真的有個又強大又幸運又能幫上忙又沒任何困擾的人在哪裡等著林哥嗎?只要相逢就是天作之合,到時自己無論如何都得退場?
早上起來臉都腫了,一整個地萎靡不振。
好在飯桌旁邊沒有林北得和水雋影,何姨始終笑意盈盈,卻不認真打量兩人。
林巍相對要好,他早練出什麼情況都正常吃睡的能力,看著雖不精神奕奕也未減損風采。
秦冬陽掛形掛相地沒精打采,夜裡一刻不靜,這會兒反而昏昏欲睡。
勉強喝了一杯牛奶,硬噎進去半塊吐司,之後秦冬陽懶洋洋地坐在兩個肩平背挺的司機的後面,更像被逮住的囚犯。
林巍也不在意,左右找找,發現路虎裡面沒有頸枕靠墊類的東西,就只用嘴說了一句,「再眯下,得一會兒呢!」
秦冬陽歪在后座裡面閉上了眼,心想補個小覺也挺好的,那麼長的時間,巴巴看著兩個板正得要命的人太累得慌。
不知道負責開車的那位姓什麼,他好像是知道諾正所的位置,全程一言不發。
副駕駛上的人也差不多,除了觀察前方路況和他那側的倒車鏡就沒別的動作。
林巍更沒交談欲望,垂眸思索什麼事情,等到秦冬陽真睡著了把他朝自己身邊攬了攬。
助理先生失了細緻,都沒想起調整調整自己那邊的座位。
到了律所林巍先被李擎正叫去聊天,回來又指導張依卓整理家暴案的一調記錄,任憑秦冬陽發呆走神。

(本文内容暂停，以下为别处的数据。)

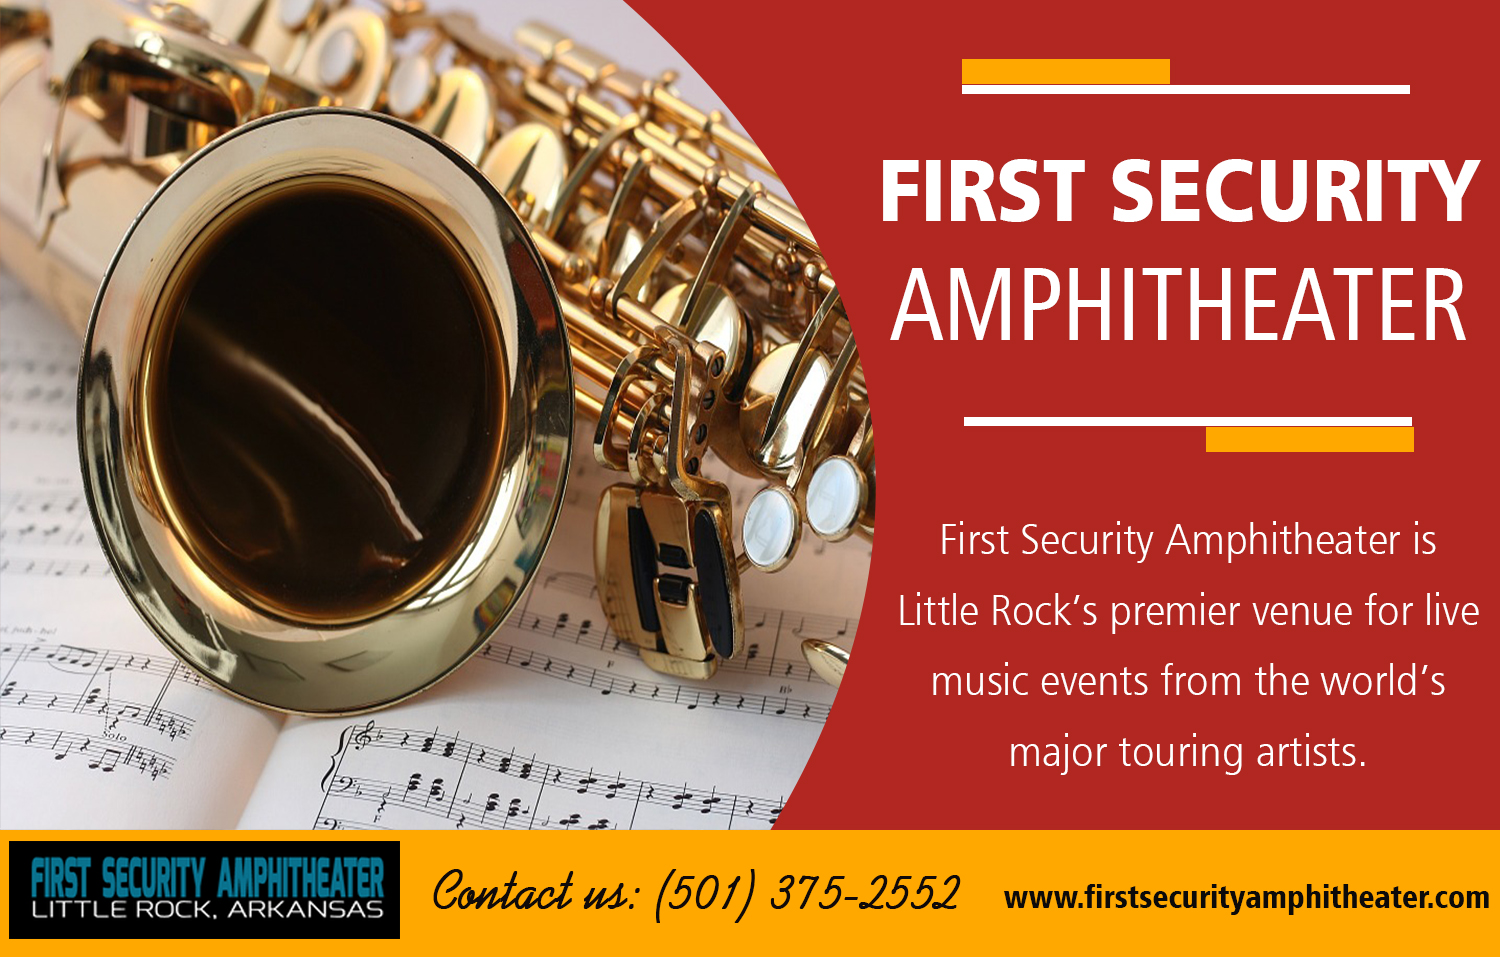 First Security Amphitheater Tickets

秦冬陽覺著自己不太像話,去衛生間裡往臉上拍了幾下冷水,再回到辦公室林巍已不在了,張依卓說,「林律出去辦點兒事。」
秦冬陽拔腳就追,剛到樓梯間裡,不知藏在哪兒的李洋鯤閃出身來攔住了他,「林先生讓我照顧您,有什麼事情要吩咐嗎?」
秦冬陽愕然看他,半晌兒才很悲哀地發現自己根本看不住林巍,同理可證,也改變不了林巍推開自己的打算。
他一直都想推開自己,從頭至尾沒有變過。
床笫之歡肌膚相親對他不會產生任何影響,將面臨的危險,被家人發現的可能只是催化劑而已,最根本的原因是他不想要秦冬陽,始終都不想要。
怔怔然地回到辦公室去,秦冬陽沒有聽見張依卓問他,「秦哥您怎麼了?」
張依卓被他那副魂不守舍給嚇著,又問了遍,「秦哥您是不舒服嗎?」
秦冬陽茫然抬頭,在張依卓三分關切七分探究的瞳仁里看清自己失魂落魄的模樣,突然被誰扇了一巴掌似的。